The samurai stood aside.
------
Far away, across a stretch of water and a great deal of stone and fortification, inside the headquarters of the Beasts Pirates on Onigashima—
"WAAAAAAAAAAAAAAAAAAAAAAAAA—"
The sound was enormous. It filled the throne room, bounced off the walls, rattled the weapons mounted along them, and drove every guard present into the particular frozen stillness of people whose survival instincts had overridden every other function.
Kaido, the King of the Beasts, one of the four Yonko, the man described across the world as the strongest creature alive on land, sea, or sky — was crying.
He sat on his throne like a mountain that had learned to be miserable, both hands wrapped around a sake gourd half the size of a man, tears streaming freely, the sound of his grief filling the room at a volume that had probably reached the shoreline.
Nobody laughed. Nobody would have dared. When Kaido drank, his emotional weather became something that even veteran crew members couldn't predict. Joy could become fury between one breath and the next. Laughter, in this room, at this moment, would result in an introduction to the wall via the large mace propped against the throne.
The guards prayed quietly for him to drink fast enough to pass into unconsciousness.
Then the doors opened.
"Admiral Kaido—" the messenger's voice was doing its best to project confidence and failing — "the weapons factory on the edge of Onigashima. It's — there's been an explosion. The building is—"
Kaido stopped crying.
Raised his head.
Burst out laughing.
"OHHHH! HAHAHA! Good! I never liked that factory anyway!"
He hurled the sake gourd — still half-full — at the messenger's head with the generous enthusiasm of someone sharing a gift.
"Here! Have a drink!"
The messenger caught it mostly by accident and stood holding it, trying to determine whether drinking was the correct response to this situation, when the doors opened again.

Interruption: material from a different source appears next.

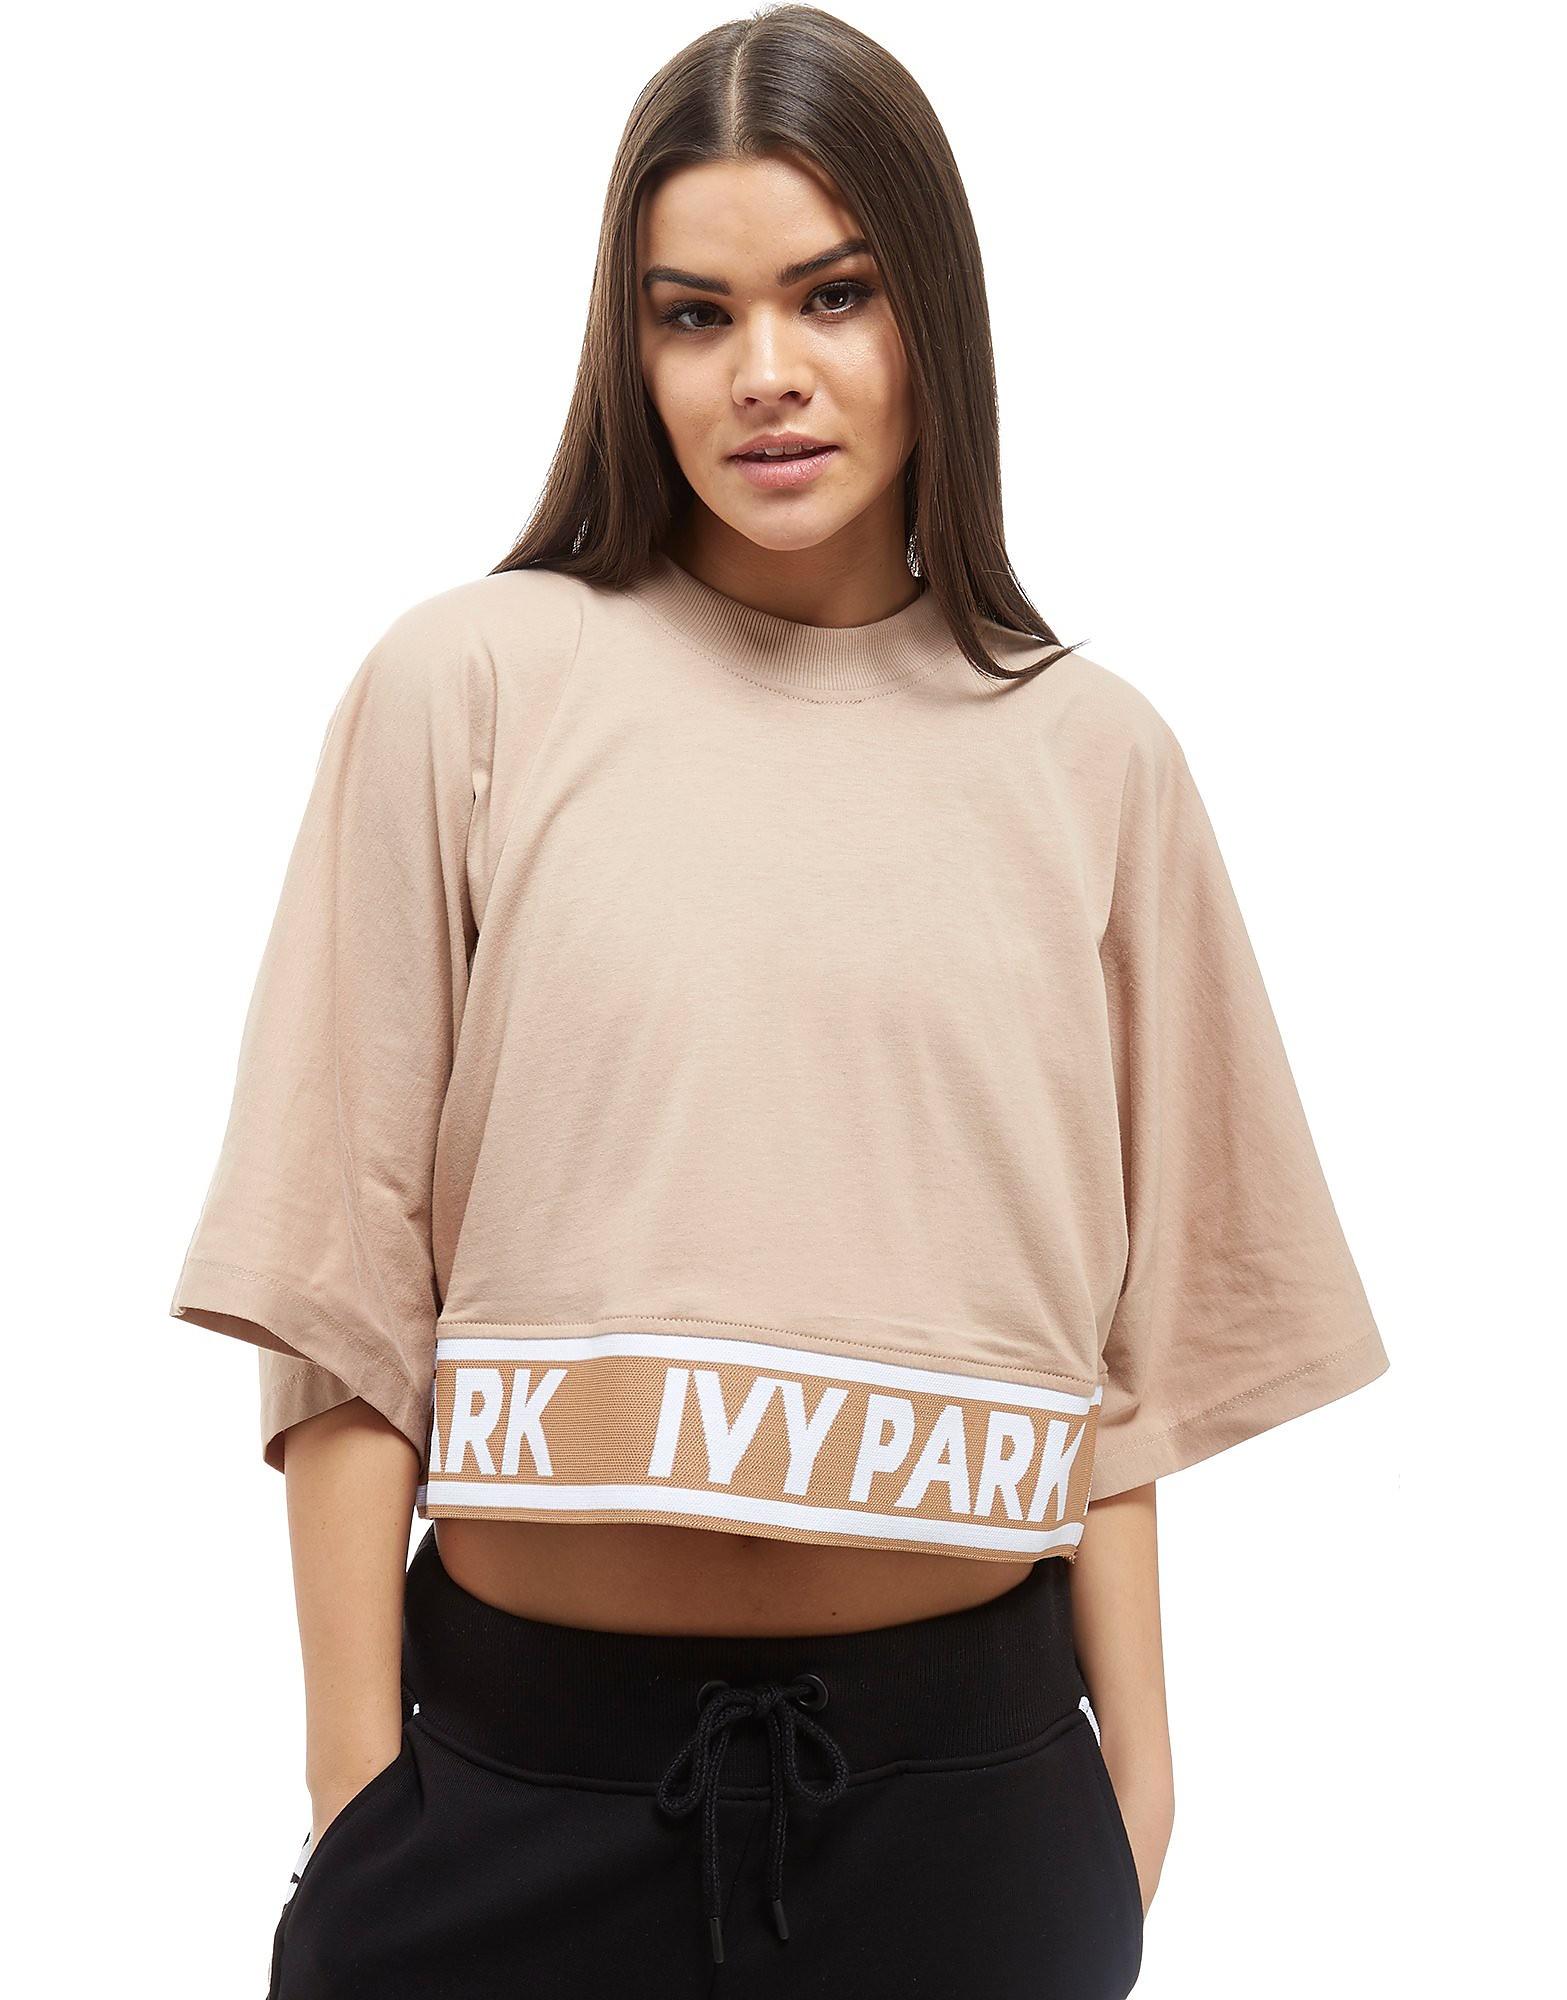 IVY PARK Tape Crop T-Shirt

The second messenger looked at the first messenger's expression and made several rapid internal calculations.
"Admiral Kaido." He delivered it quickly, like removing a splinter. "Yamato-sama smashed the torii gate. And then left the island. By boat."
The laughter stopped.
The throne room went so quiet that the distant sound of waves became audible.
Kaido looked down at the second messenger from his full height. When he spoke, his voice had dropped to something low and even, which was considerably more frightening than the shouting.
"The handcuffs," he said. "Where are the handcuffs. Who removed them."
The messenger had no answer to offer. He understood this was a problem.
The mace moved.
When it was over, Kaido stood and addressed the remaining guards with the focused calm of a man who had processed his feelings and arrived at a course of action.
"All members of the Flying Six are to seal every sea route out of Wano. Full search of the country — every island, every coast." He paused. "And recall Jhin. Whatever mission he was running, it's cancelled. I want him patrolling the nearby waters. If he finds any trace of Yamato, he brings them back immediately."
The guards moved.
Outside, the mushroom cloud from the factory was still visible against the sky — a dark column rising above the treeline, carrying with it the last evidence of seven days of work, five lives, and one forge god's first steps toward something the world hadn't seen yet.